● **TASK DIRECTIONS**
Retype the listing exactly. Leave out the images.

● **SOURCE MATERIAL**
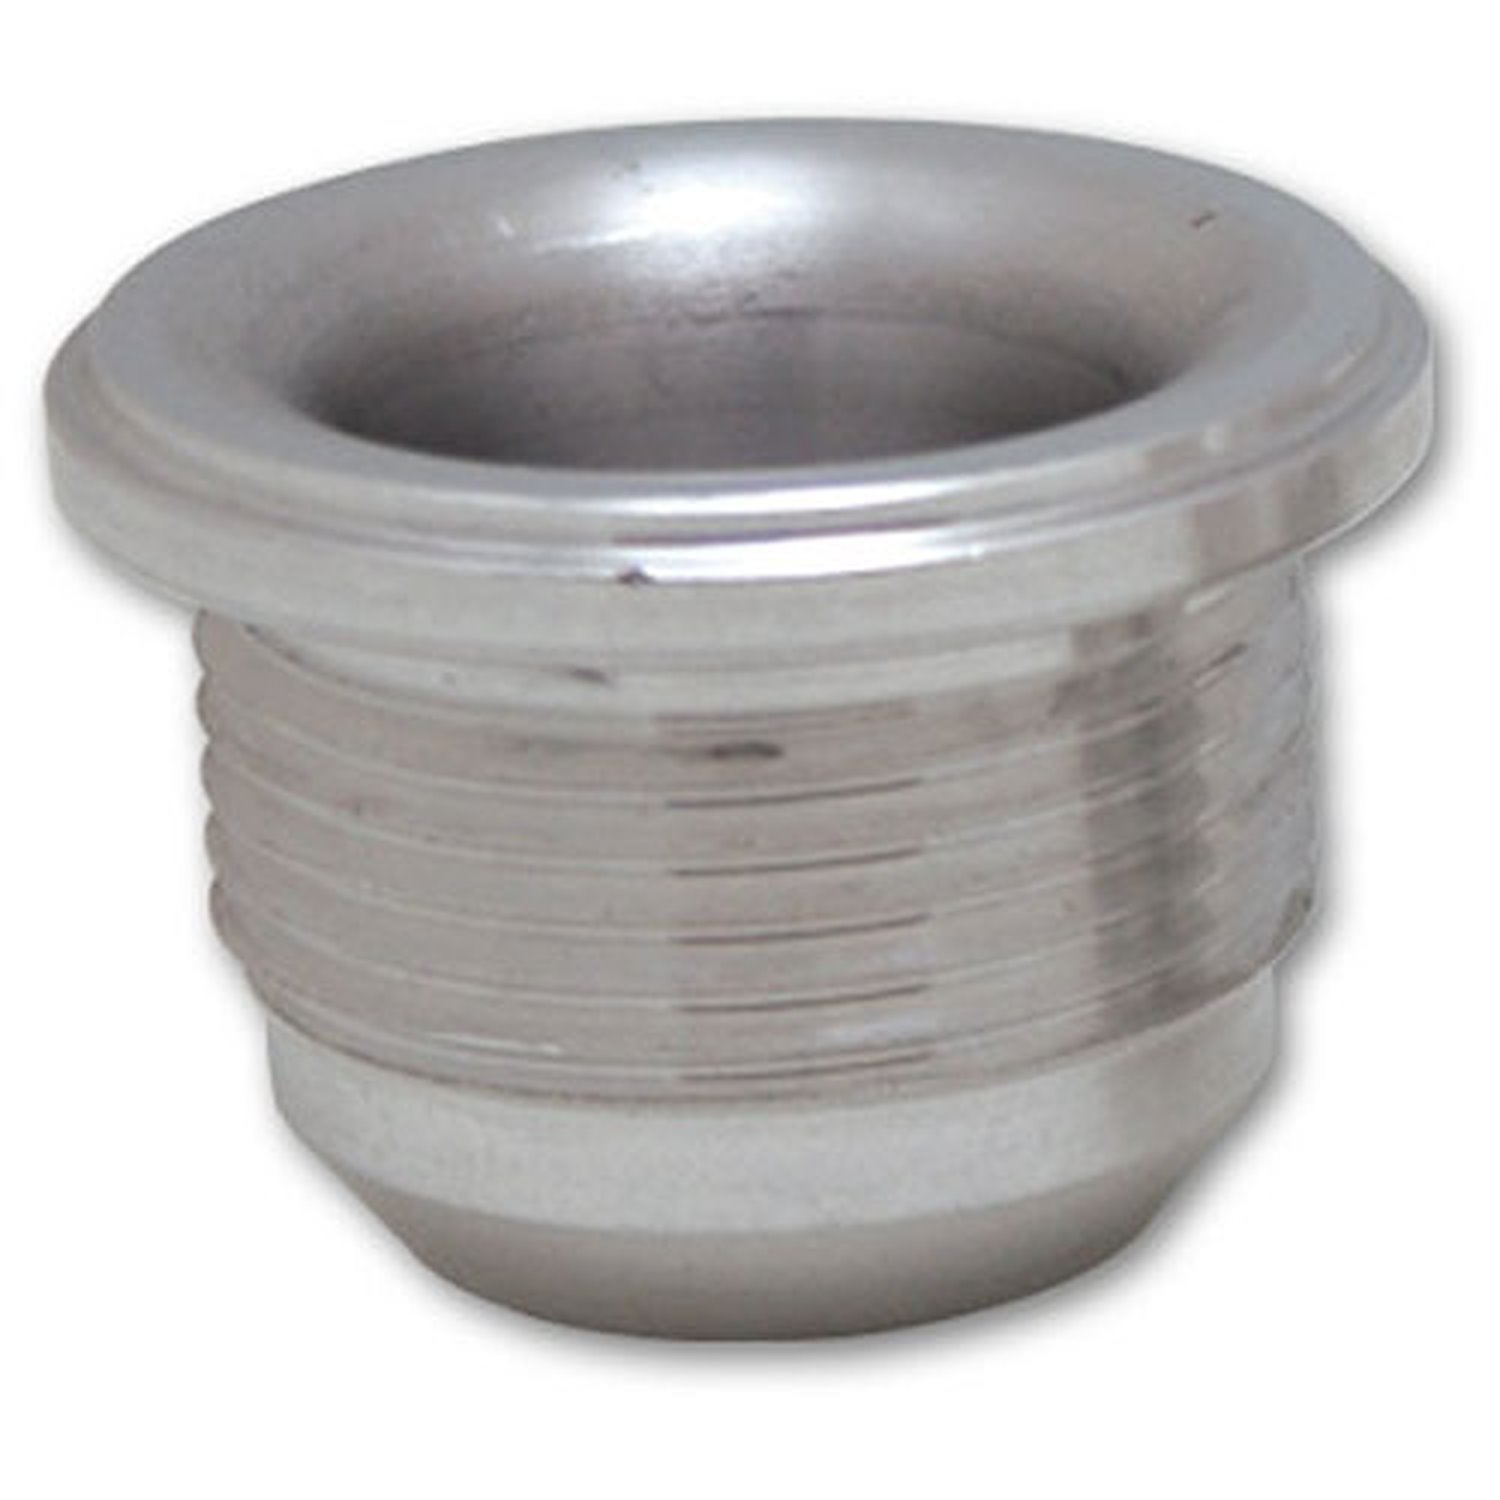 Male -4AN Aluminum Weld Bung 7/16" - 20 SAE Thread
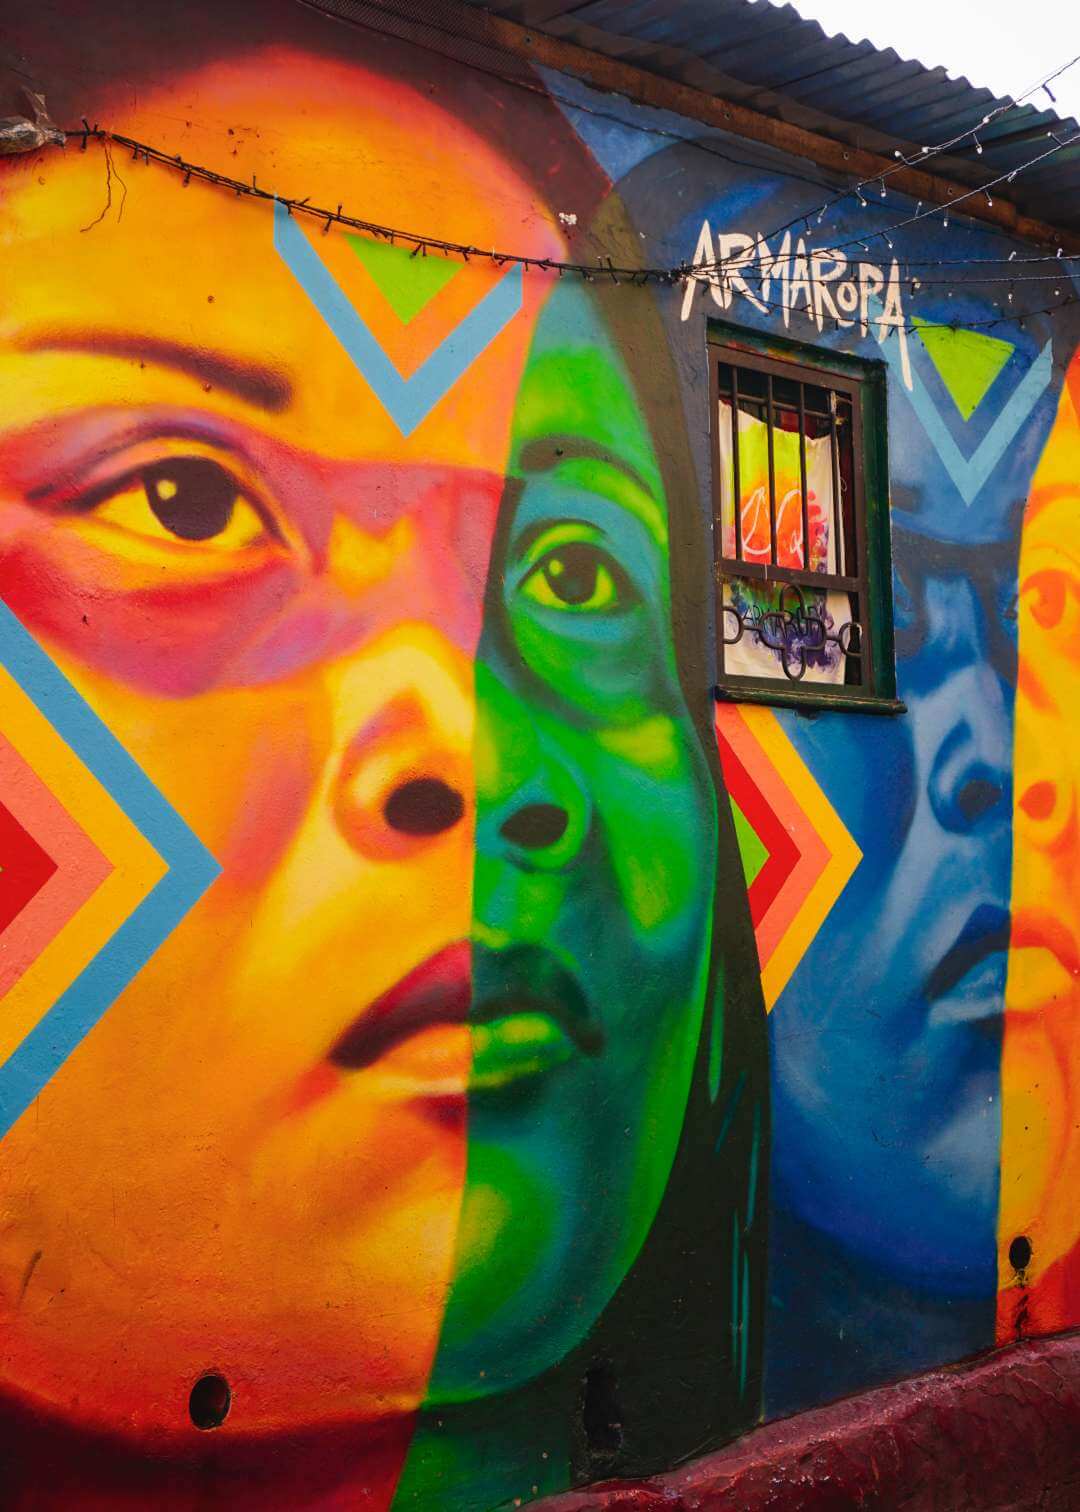 Arte callejero de Bogotá
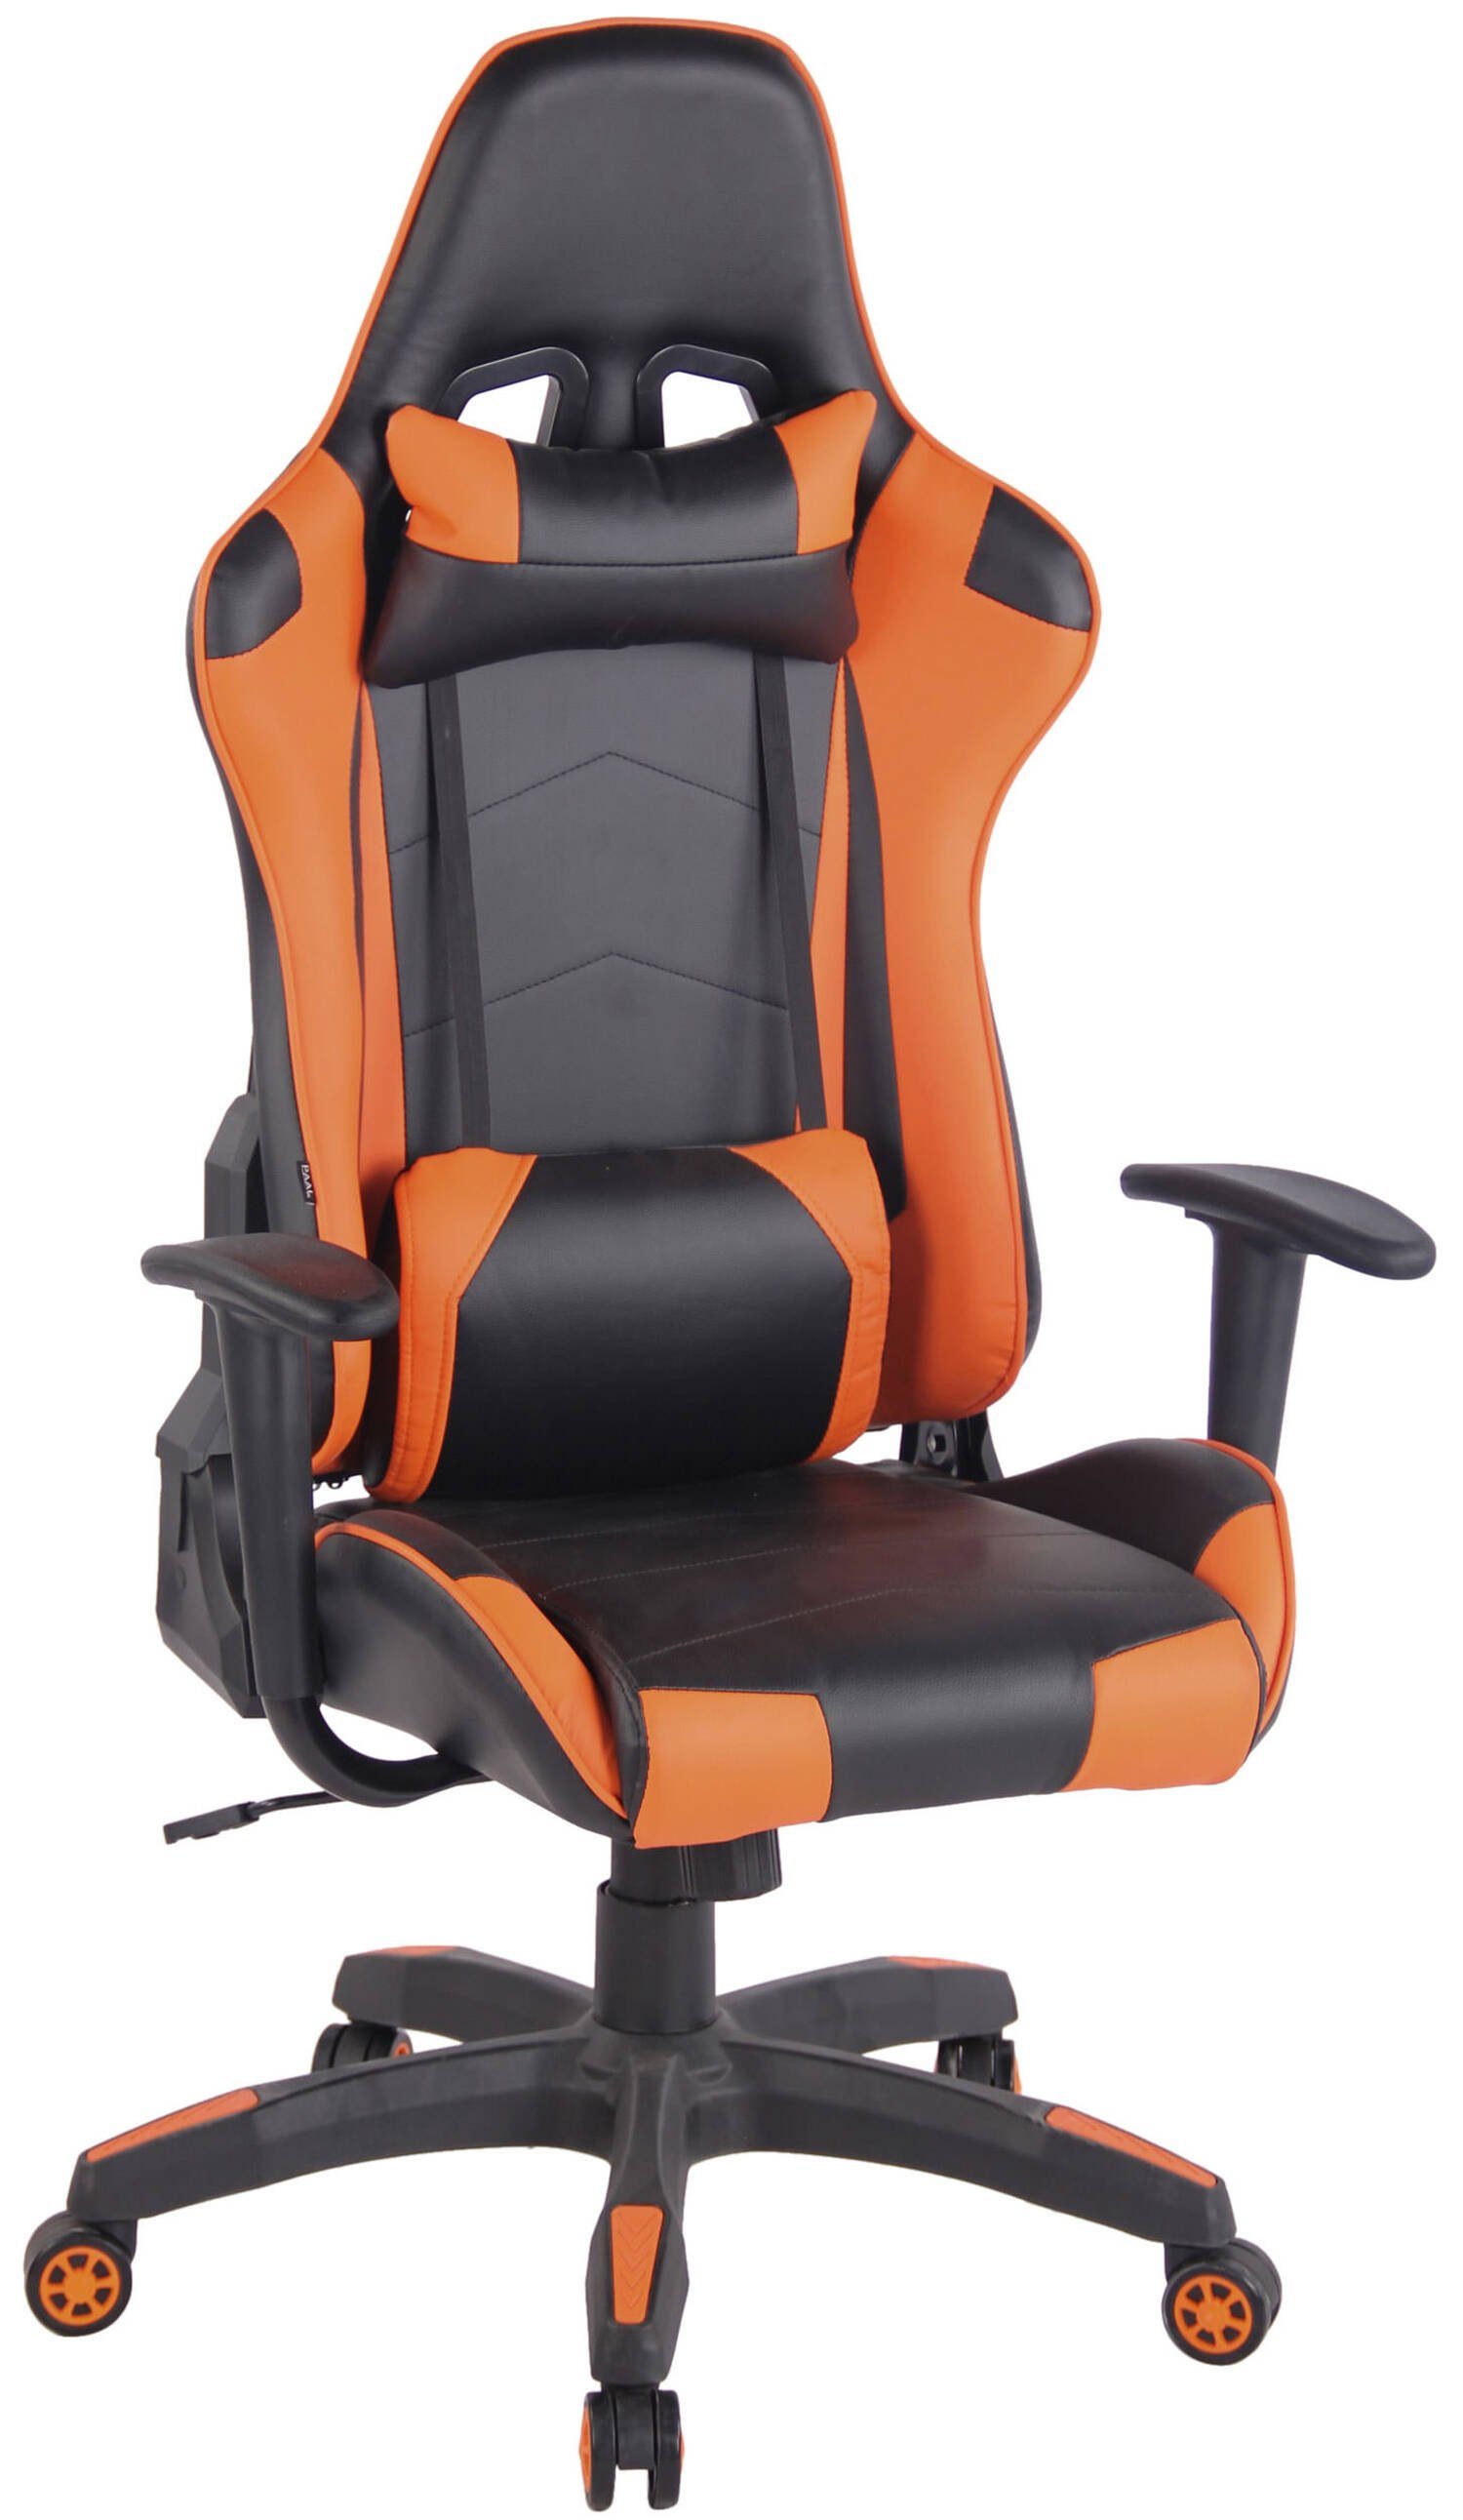 Racingstuhl, 360° mit schwarz Gaming-Stuhl (Schreibtischstuhl, Chefsessel), TPFLiving - und Kunststoff höhenverstellbar drehbar Gestell: - Sitzfläche: bequemer schwarz/orange Mirage Gamingstuhl, Rückenlehne Drehstuhl, Kunstleder

● **PROBLEM SOLUTION**
 Male -4AN Aluminum Weld Bung 7/16" - 20 SAE Thread
 Arte callejero de Bogotá
 Racingstuhl, 360° mit schwarz Gaming-Stuhl (Schreibtischstuhl, Chefsessel), TPFLiving - und Kunststoff höhenverstellbar drehbar Gestell: - Sitzfläche: bequemer schwarz/orange Mirage Gamingstuhl, Rückenlehne Drehstuhl, Kunstleder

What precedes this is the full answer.